The loans from RGGL and Provident Trust were wrapped up in one $3 million mortgage contract and arranged by PMS.
The mortgage trustee is California TD Specialists, based in Anaheim Hills, who are experts at finalizing complex real estate deals.
They are also an arm of FCI Services, which on their website claims to be a ‘leading national non-QM and Private Money Servicer’. Non-QM loans are aimed at borrowers who don’t meet the usual criteria to buy a home and don’t qualify for conventional financing.
Kanye signed the $12.5 million and $3 million loan agreements under the official name ‘Ye’ on October 16. This was able to happen while the rapper was in Tokyo due to using a notary under Richard Smith, who is registered in Virginia.
Doug Perry is the strategic financing advisor at Real Estate Bees who provided an analysis of Kanye’s borrowing.
Perry says that while Kanye put in a substantial $19.5M down payment, his home loans are huge and come with risk.
Perry says: ‘There aren’t many lenders that make loans that large, the risk is simply too great.

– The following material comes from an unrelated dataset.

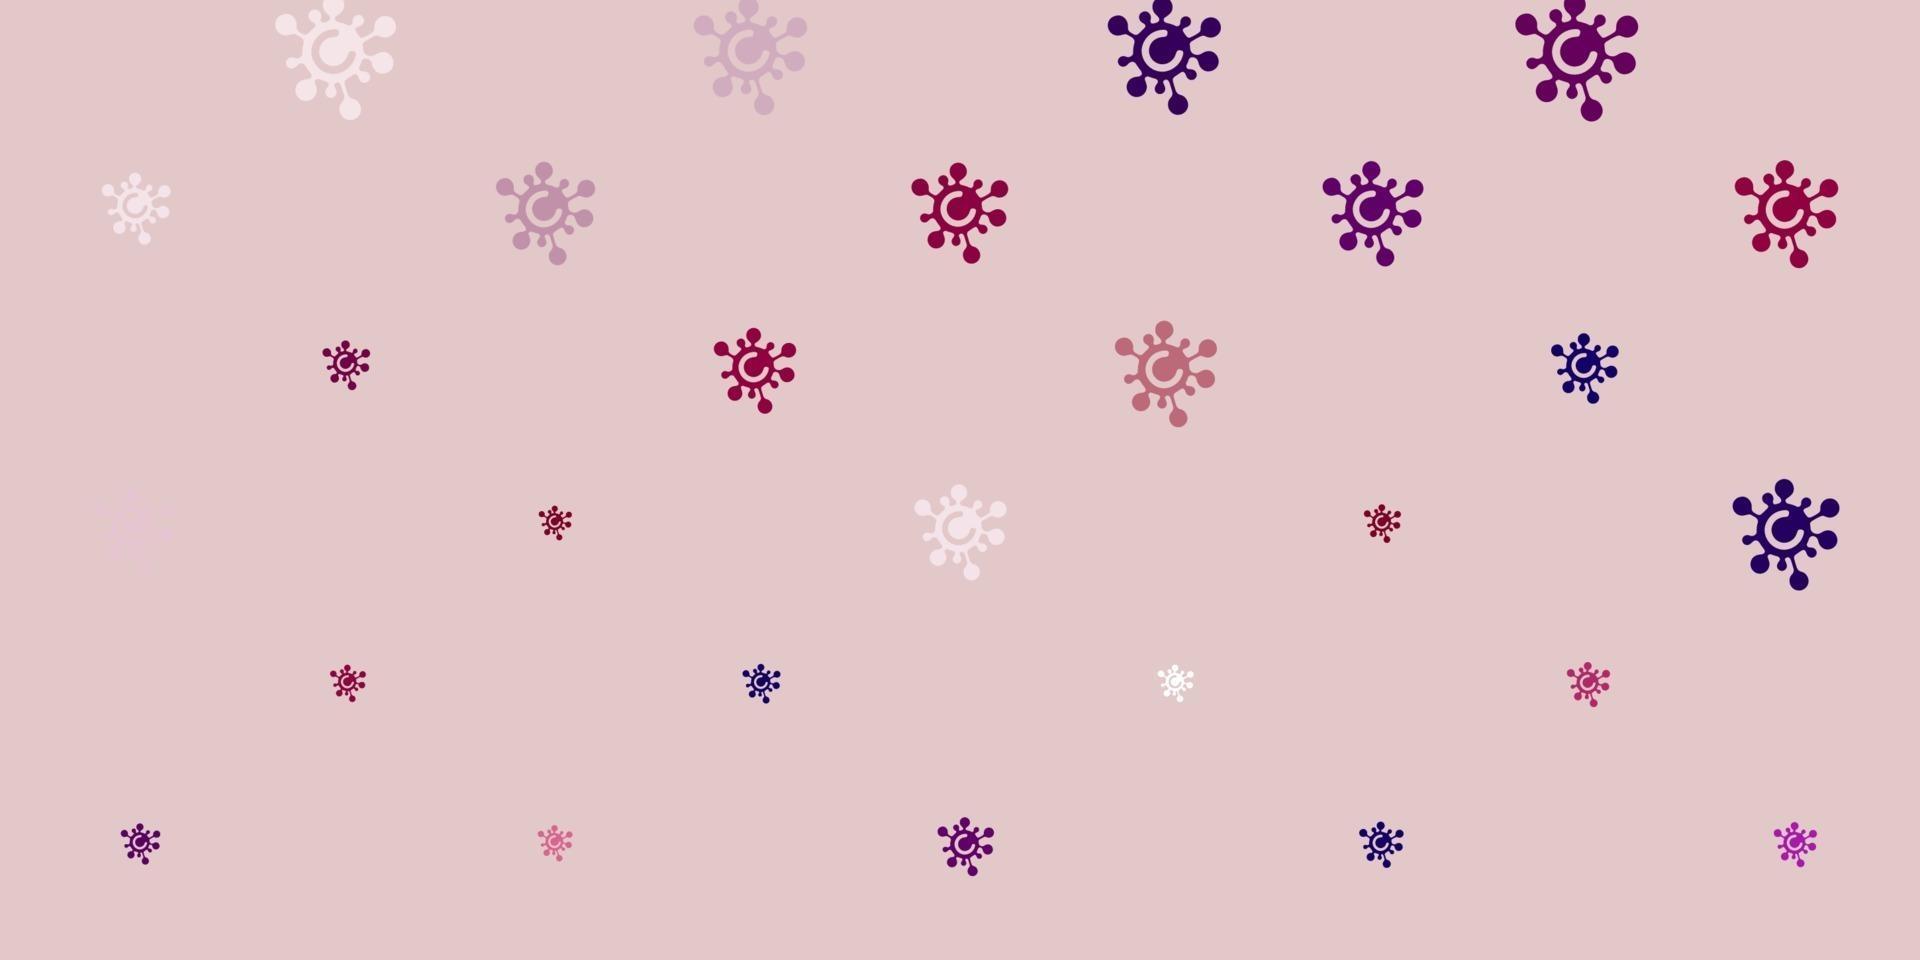 textura de vector rosa claro con símbolos de enfermedades.

Kanye’s first mortgage is from Lone Oak, a recognized Business Purpose Commercial lender in the California market.
‘They do not lend on owner-occupied properties, and typically make bridge loans for 12 months with rates in the 8.5 to ten percent range, requiring interest-only payments during the loan term.
‘There is most likely a second mortgage because the first mortgage lender did not want to lend the entire loan amount, due to the risk of loaning one person or entity that much money.’
Perry explained why he believes some of the funds have come from Kanye’s pension, adding: ‘I think it is possible the source of the $3M is Kanye’s retirement account.
‘The company on the document, Provident Trust, is a firm that focuses on self-directed retirement accounts and there is a specific account number on the recorded beneficiary document, so it is likely Kanye borrowed from his own retirement for that part of the loan.’
Kanye also has a six-bedroom mansion in Calabasas which he bought for $2.2 million in May 2018.
His property portfolio includes two rental apartments in Calabasas and Thousand Oaks which cost $1.6 million and $575,000.